Spinal cord samples from IM or VM mice injected intracerebrally with the 87V scrapie agent were examined ultrastructurally at the clinical stage of disease for changes in blood vessel permeability and for pathological alterations. In several animals, (3 of 16), massive changes were noted in the cervical spinal cords in the subependymal area of the cortical gray matter immediately surrounding the central canal including ependymal cell changes, the presence of amyloid plaque in close association with microglial cells, extensive neuropil vacuolation, the appearance of reactive astrocytes, degenerating neurites and vacuolated neurons. In those regions showing structural damage, localized increased permeability to horseradish peroxidase across the blood-brain barrier was noticed along with the appearance of numerous vesiculo-canalicular profiles in micro-blood vessel endothelial cells with extravasation of the tracer to the neuropil. Some damaged neurons appeared flooded with this tracer. These changes were not observed in either the thoracic or lumbar spinal cord regions. The occurrence of pathological changes in the spinal cords of a small percentage of intracerebrally injected mice was probably due to a high concentration of the scrapie agent which localized in the cervical spinal cord, presumably after entering the spinal fluid via the lateral ventricle at the time of injection.
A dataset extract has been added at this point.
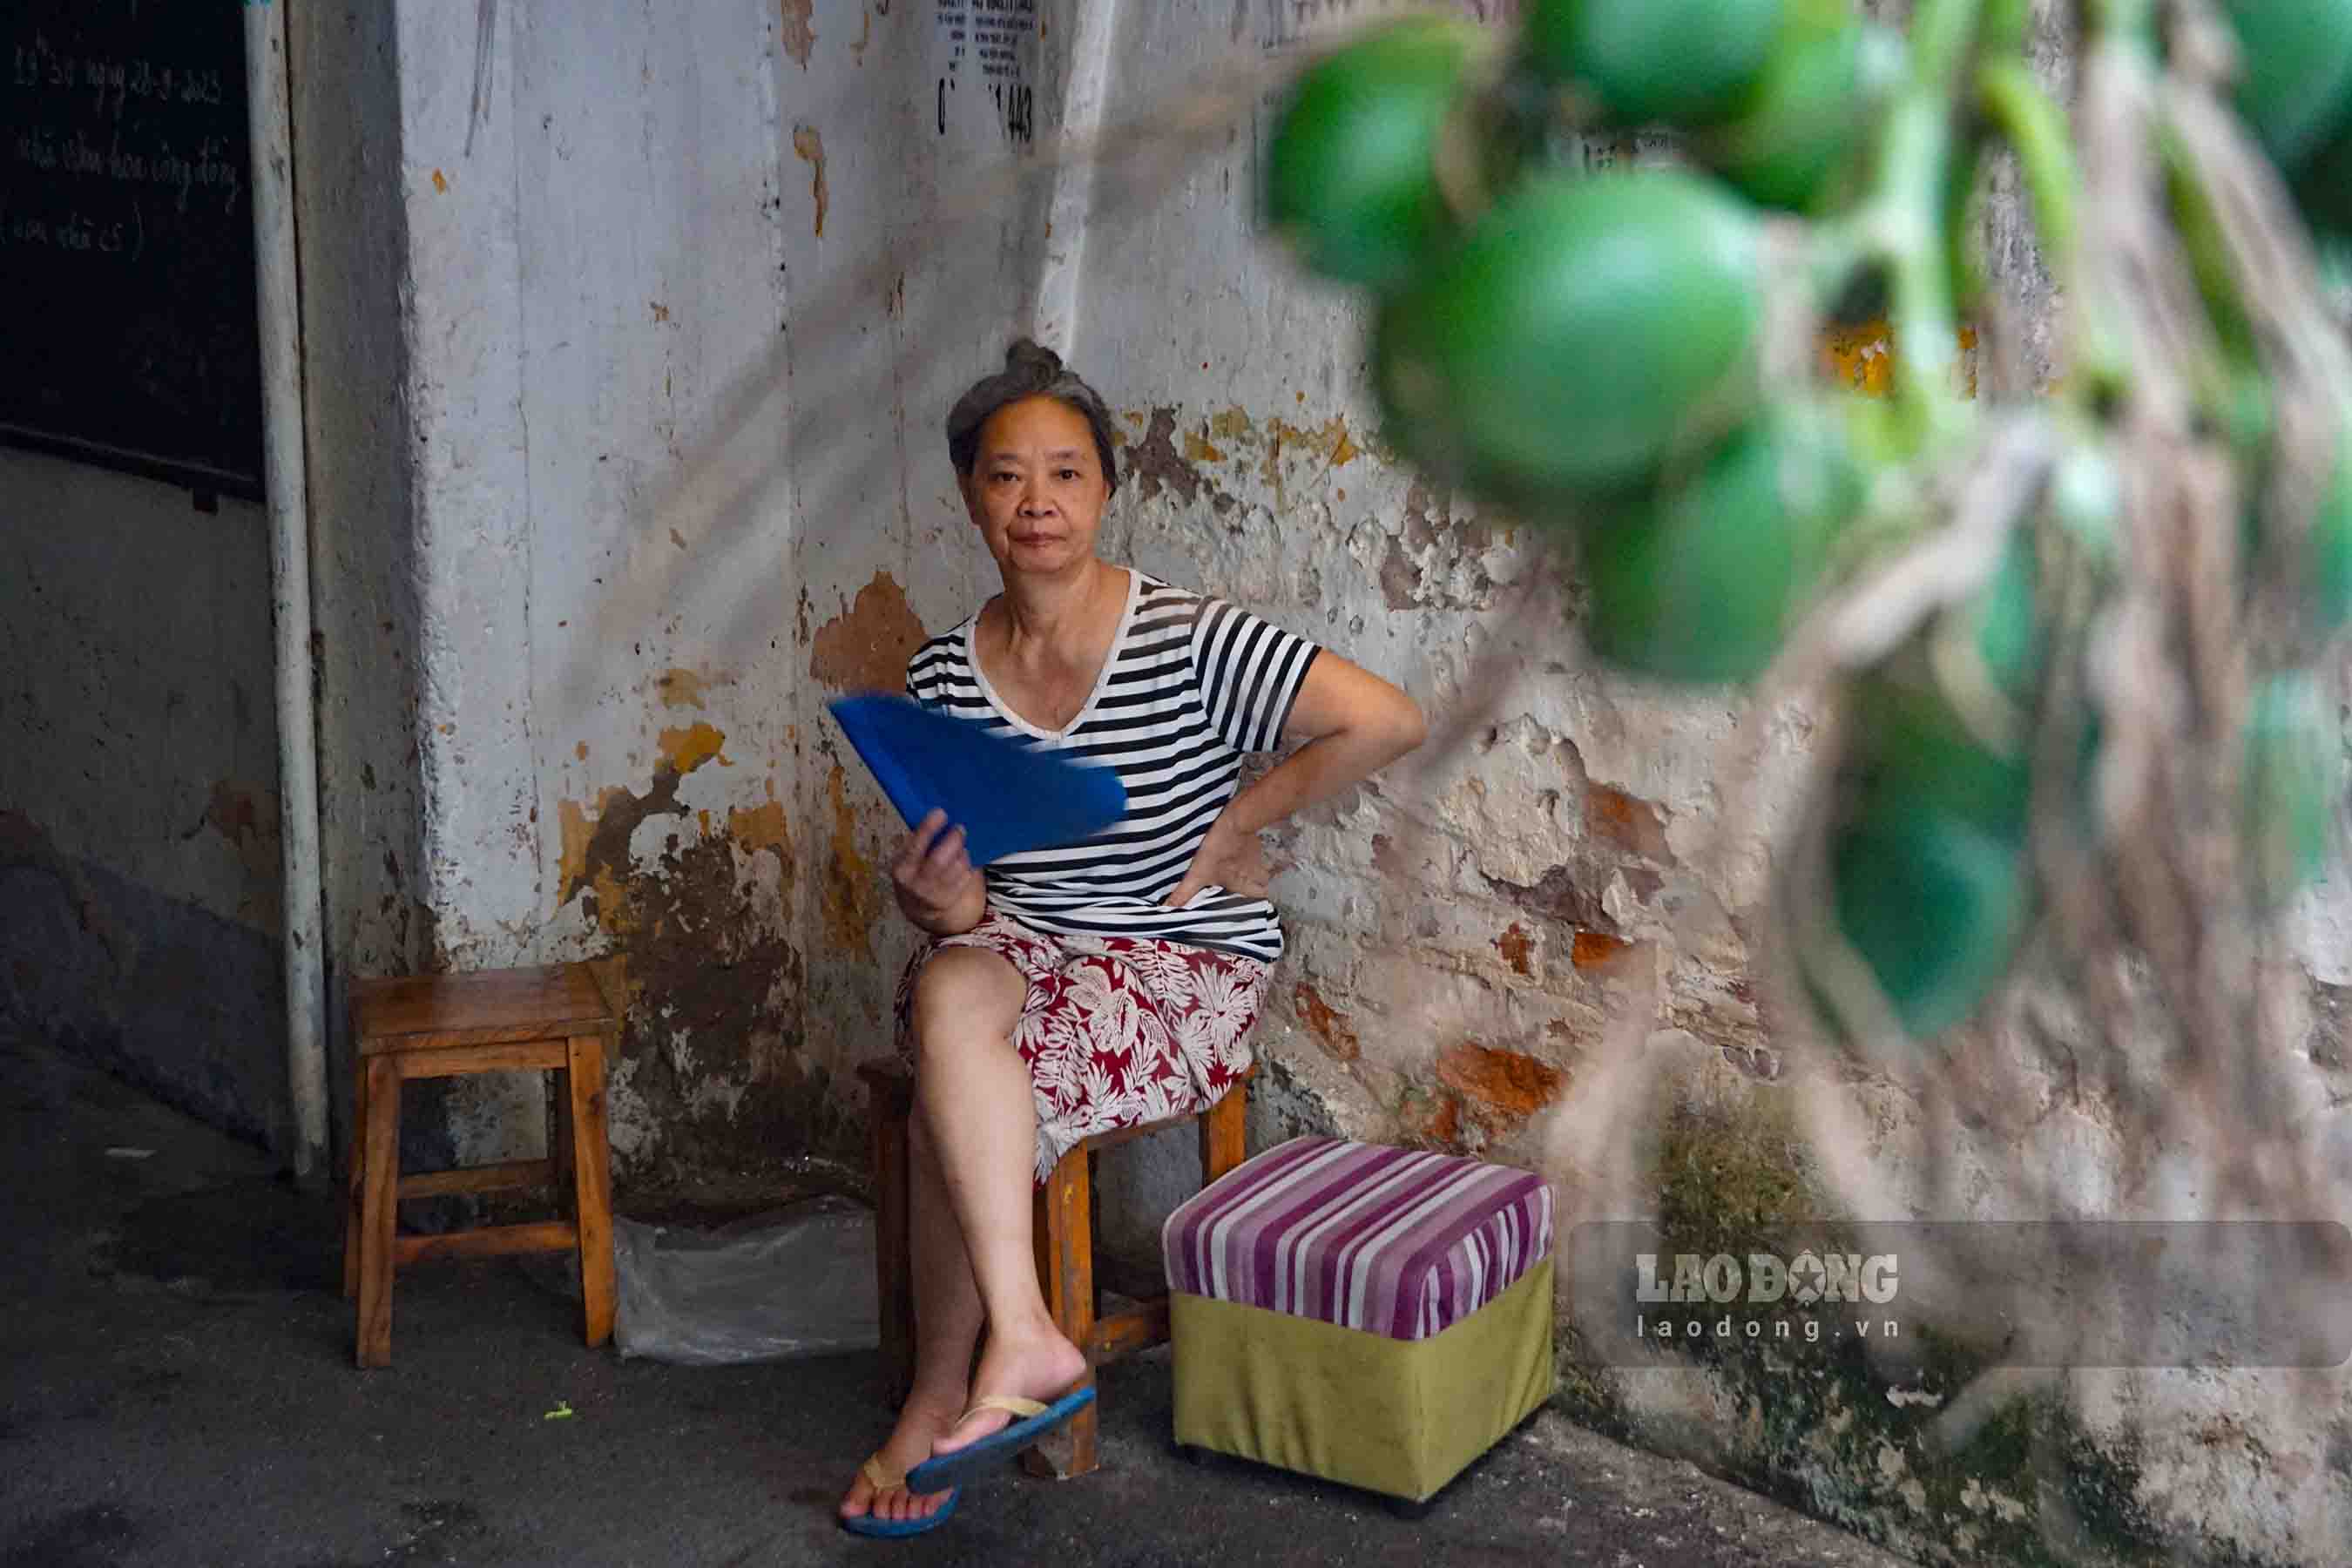 Trao đổi với PV, bà Nguyễn Thị Hương (cư dân sinh sống trên tòa C5) chia sẻ: “Vào mùa mưa ở đây thường xuyên bị dột. Cảnh sống ở nhà tập thể chuyện nước mưa ngấm sang nhà nhau là bình thường”.

Ultracytochemical studies of vesicular and canalicular transport structures in the injured mammalian blood-brain barrier

An ultracytochemical investigation was performed to study the origin of pinocytic vesicles and canalicular structures within endothelial cells (EC) of the injured mammalian blood-brain barrier (BBB). To accomplish this goal, two electron-dense tracers, native ferritin (NF) and horseradish peroxidase (HRP), were used in conjunction with the detection of alkaline phosphatase (AP) activity, a known marker of EC plasmalemma of brain micro-blood vessels. Brain ECs from (1) mice subjected to crude leptomeningeal damage for 1, 2, or 3 days and (2) cats subjected to cold lesion injury for 1, 4, or 24 h were evaluated for tracer transport and AP activity. Fine structural analysis of leaking segments of micro-blood vessels from damaged cerebral cortex or basal ganglia demonstrated pinocytic vesicles, deep invaginations of the luminal plasmalemma and elongated, tubular profiles, all containing tracer. Because we observed in ECs from both experimental models of brain injury a positive reaction for AP activity in the luminal plasmalemma, in its deep invaginations, in delimiting membranes of pinocytic vesicles, and in tubulo-canalicular structures, we conclude that all types of transport structures derive from the same 100A thick exoplasmic plasmalemmal membranes. Further, besides the pinocytic vesicular transport system (PTS), the canalicular transport system (CTS) appears to serve as an additional important mechanism for macromolecular transport across the damaged mammalian BBB.